* Problem to work on *
Each line below must be reproduced exactly as it stands. Pictures stay out of the copy.

* Data segment *
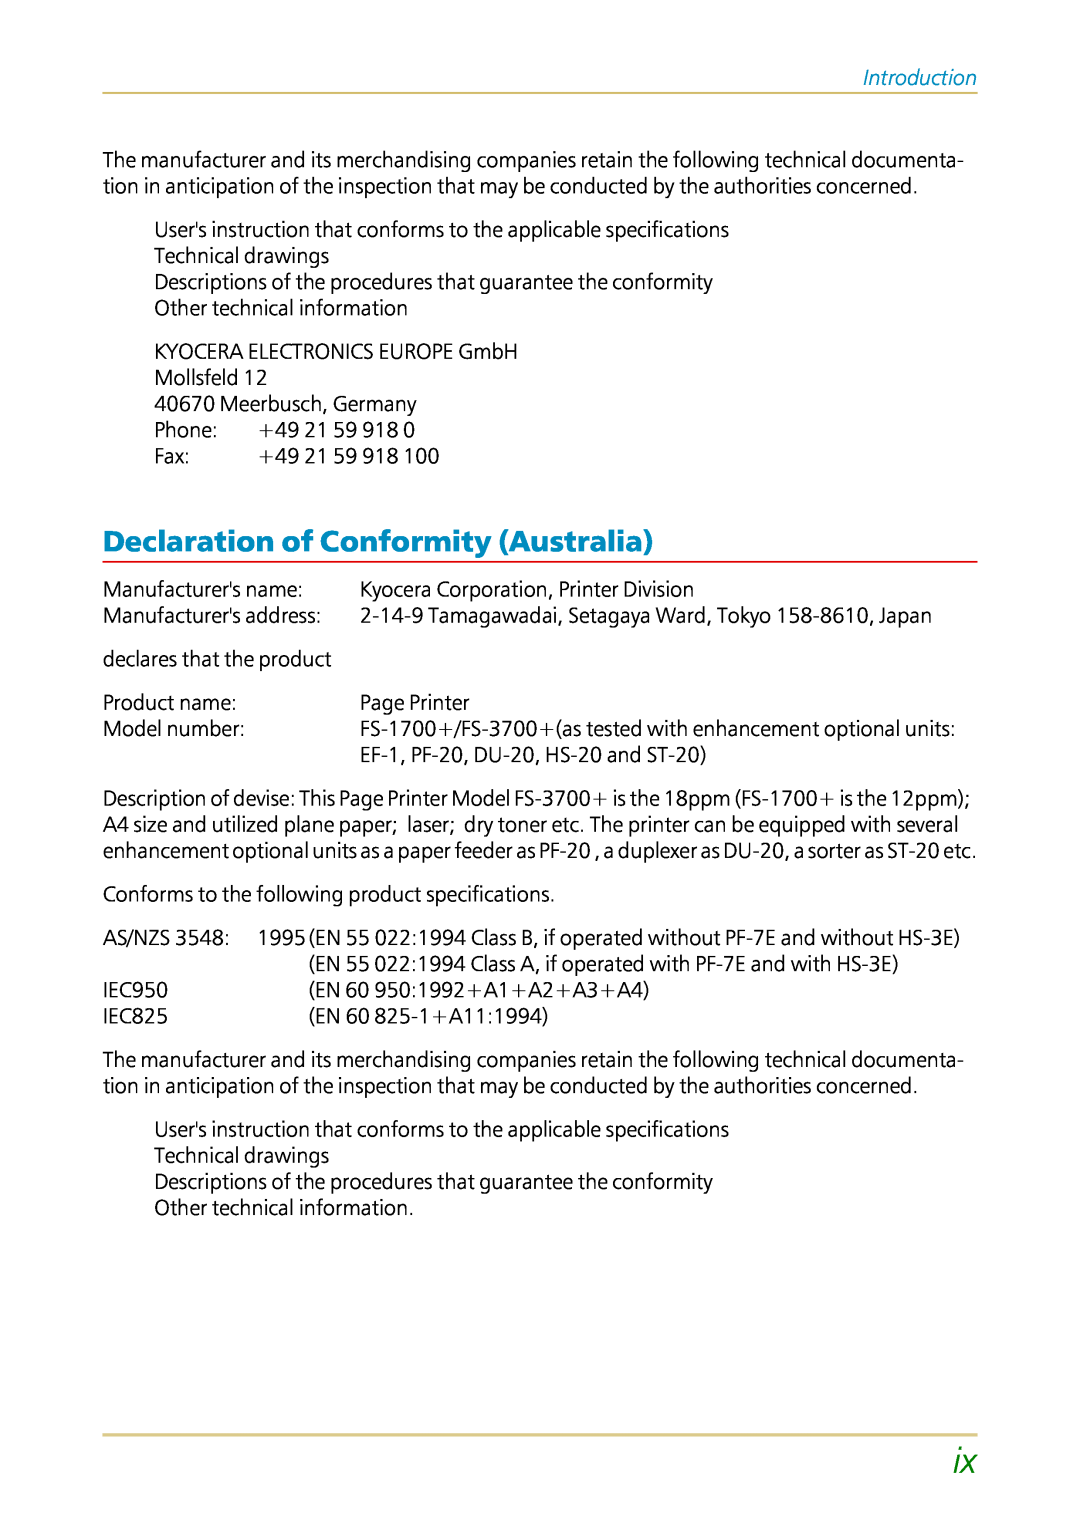 Kyocera FS-1700 user manual Declaration of Conformity Australia, Introduction 
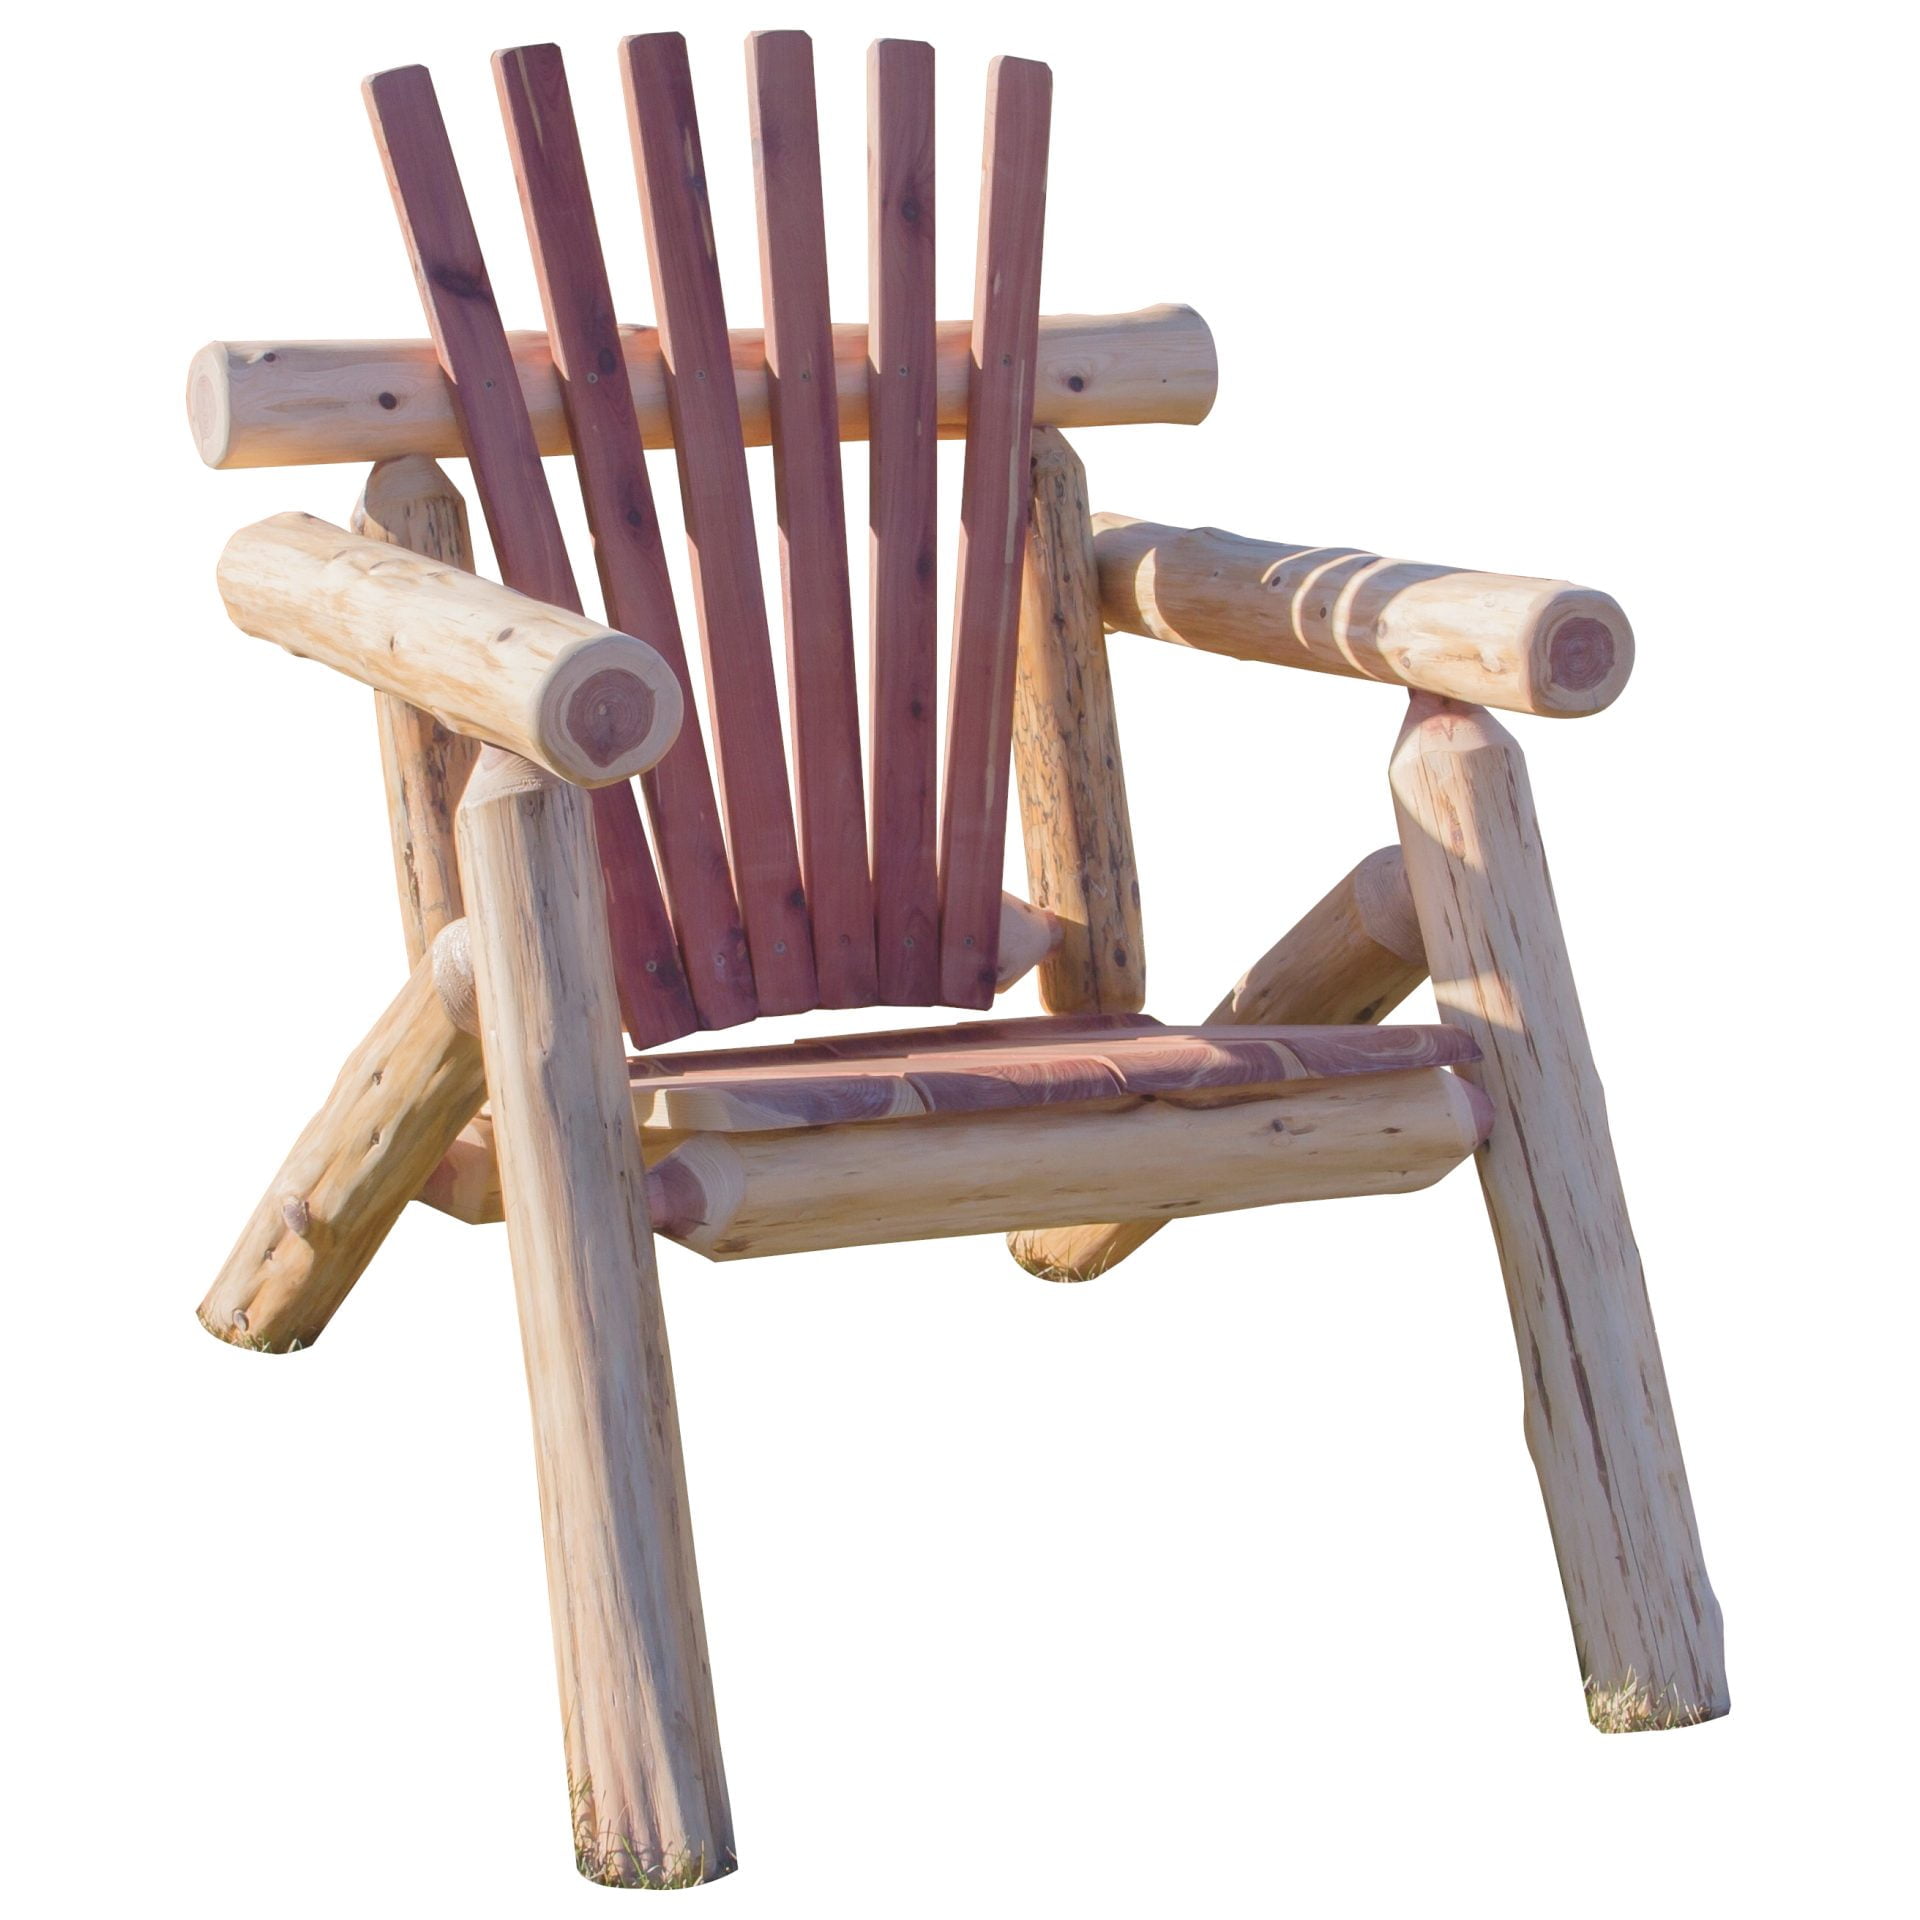 Outdoor Red Cedar Log Adirondack Chair
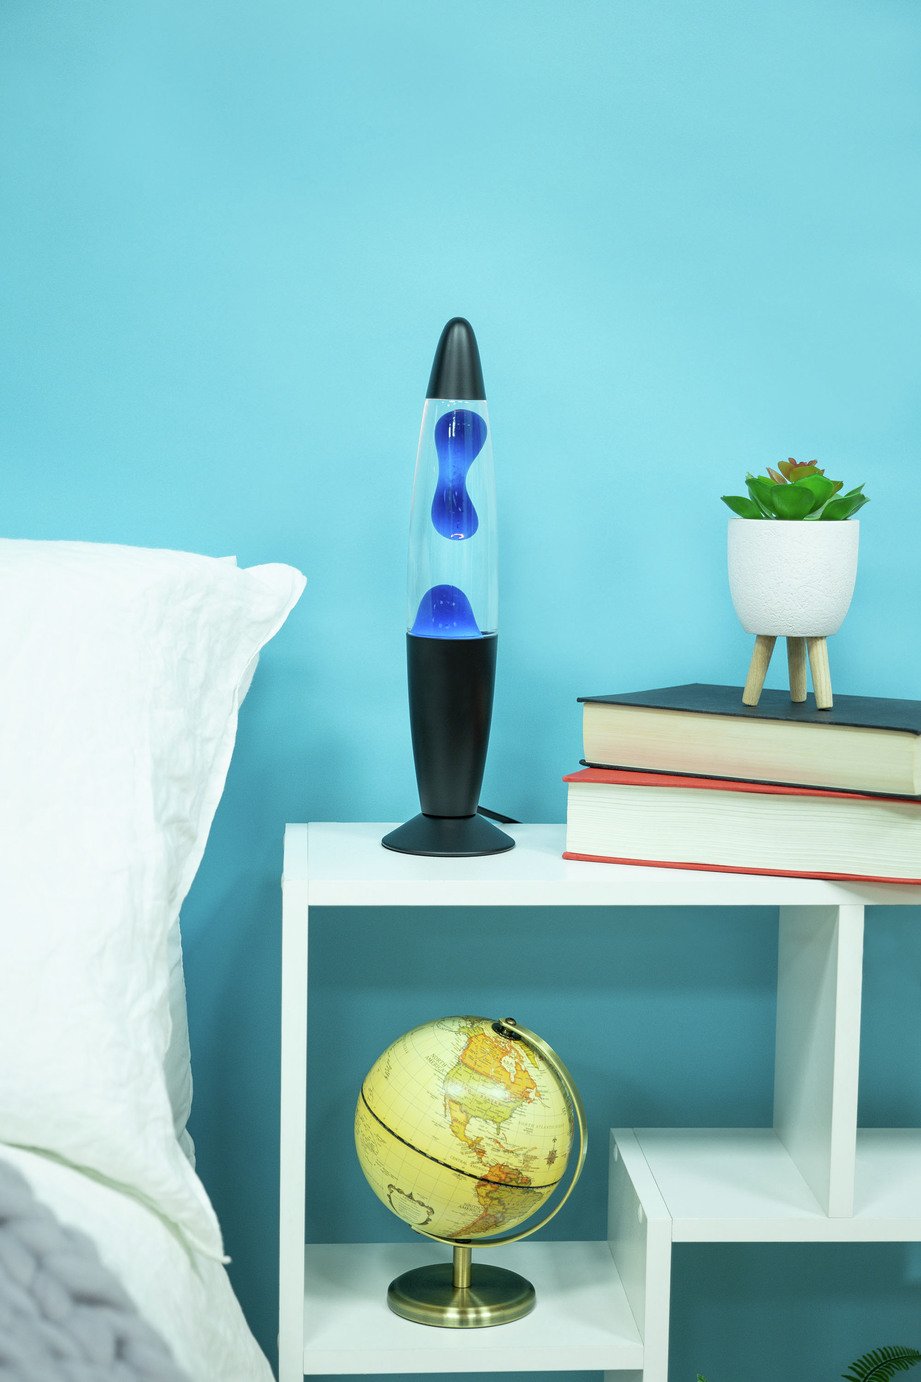 Fizz Creations Lava Lamp - Blue

* Expected answer *
 Kyocera FS-1700 user manual Declaration of Conformity Australia, Introduction 
 Outdoor Red Cedar Log Adirondack Chair
 Fizz Creations Lava Lamp - Blue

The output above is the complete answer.